- **What is required**
Restate verbatim the span of lines below between the line with "企業PV会社紹介 透明爽やかアコギA1の再生済みの波形" and the line with "Футболка свободного покрояФутболка.", including those two lines, and only that span.

- **Records for this exercise**
• • • •

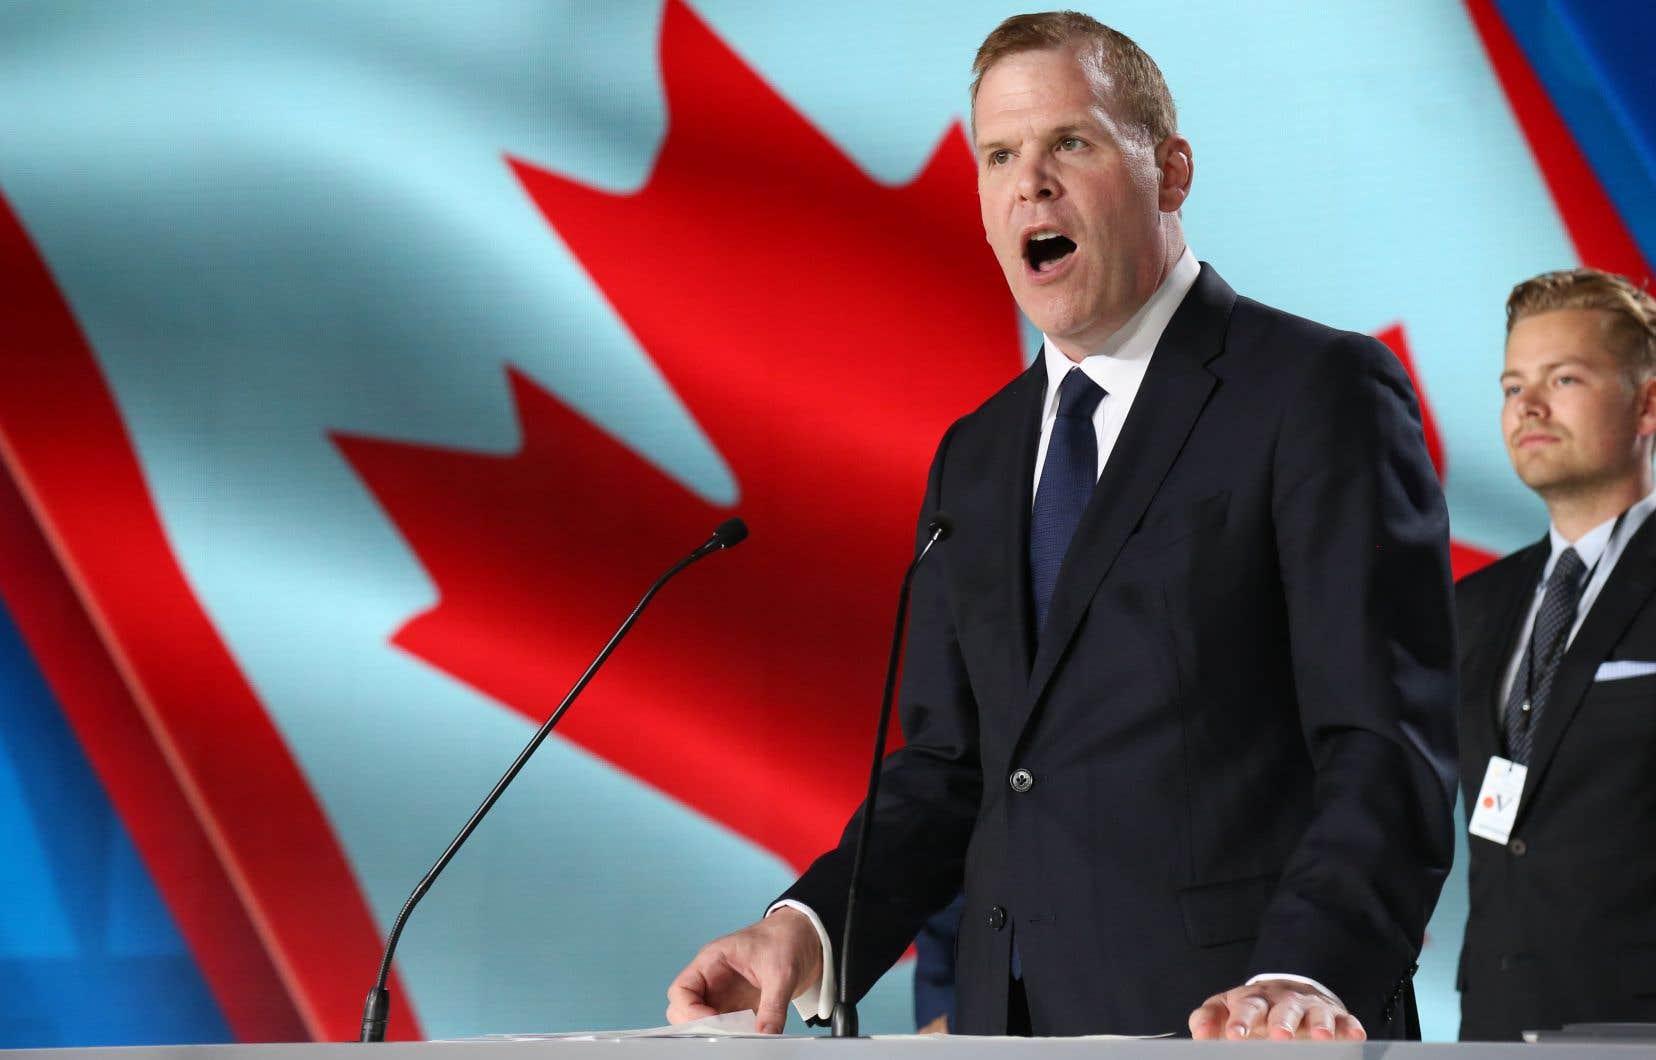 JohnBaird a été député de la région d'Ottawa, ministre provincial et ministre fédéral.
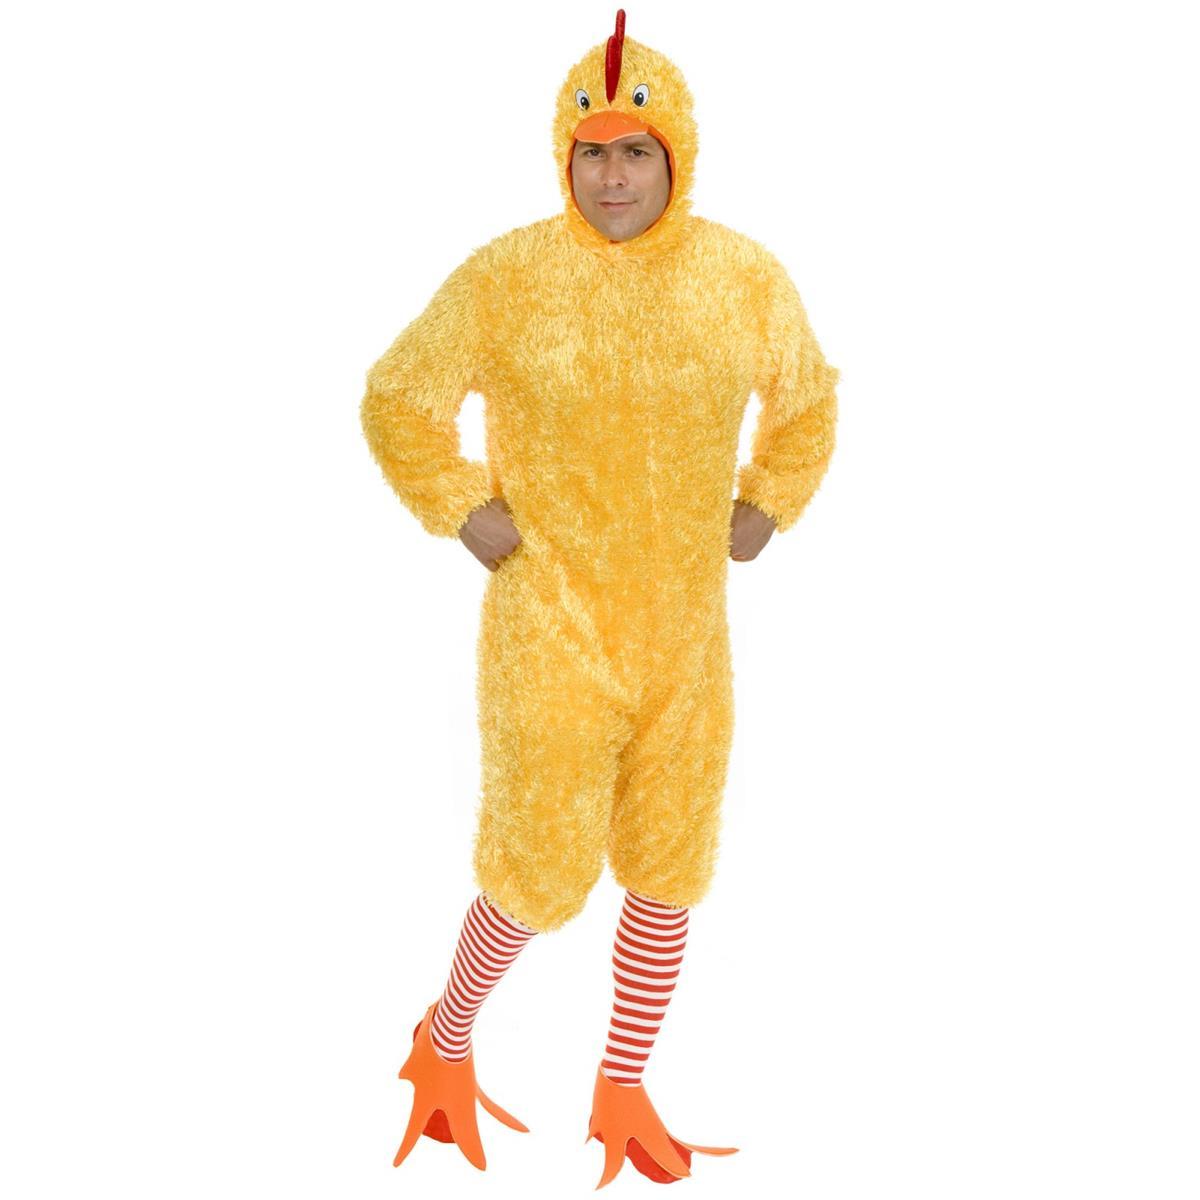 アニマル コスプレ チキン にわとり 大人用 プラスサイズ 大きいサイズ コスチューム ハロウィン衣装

• • • •

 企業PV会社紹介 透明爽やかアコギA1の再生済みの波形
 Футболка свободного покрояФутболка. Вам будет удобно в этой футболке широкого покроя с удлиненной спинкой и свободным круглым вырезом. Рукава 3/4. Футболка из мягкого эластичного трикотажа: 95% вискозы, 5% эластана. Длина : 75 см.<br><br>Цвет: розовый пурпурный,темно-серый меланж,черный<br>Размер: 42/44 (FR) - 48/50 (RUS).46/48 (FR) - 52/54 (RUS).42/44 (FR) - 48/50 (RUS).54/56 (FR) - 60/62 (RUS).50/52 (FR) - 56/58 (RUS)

• • • •

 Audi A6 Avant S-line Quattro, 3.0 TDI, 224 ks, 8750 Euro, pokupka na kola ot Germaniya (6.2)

• • • •

- **Exercise response**
 企業PV会社紹介 透明爽やかアコギA1の再生済みの波形
 Футболка свободного покрояФутболка. Вам будет удобно в этой футболке широкого покроя с удлиненной спинкой и свободным круглым вырезом. Рукава 3/4. Футболка из мягкого эластичного трикотажа: 95% вискозы, 5% эластана. Длина : 75 см.<br><br>Цвет: розовый пурпурный,темно-серый меланж,черный<br>Размер: 42/44 (FR) - 48/50 (RUS).46/48 (FR) - 52/54 (RUS).42/44 (FR) - 48/50 (RUS).54/56 (FR) - 60/62 (RUS).50/52 (FR) - 56/58 (RUS)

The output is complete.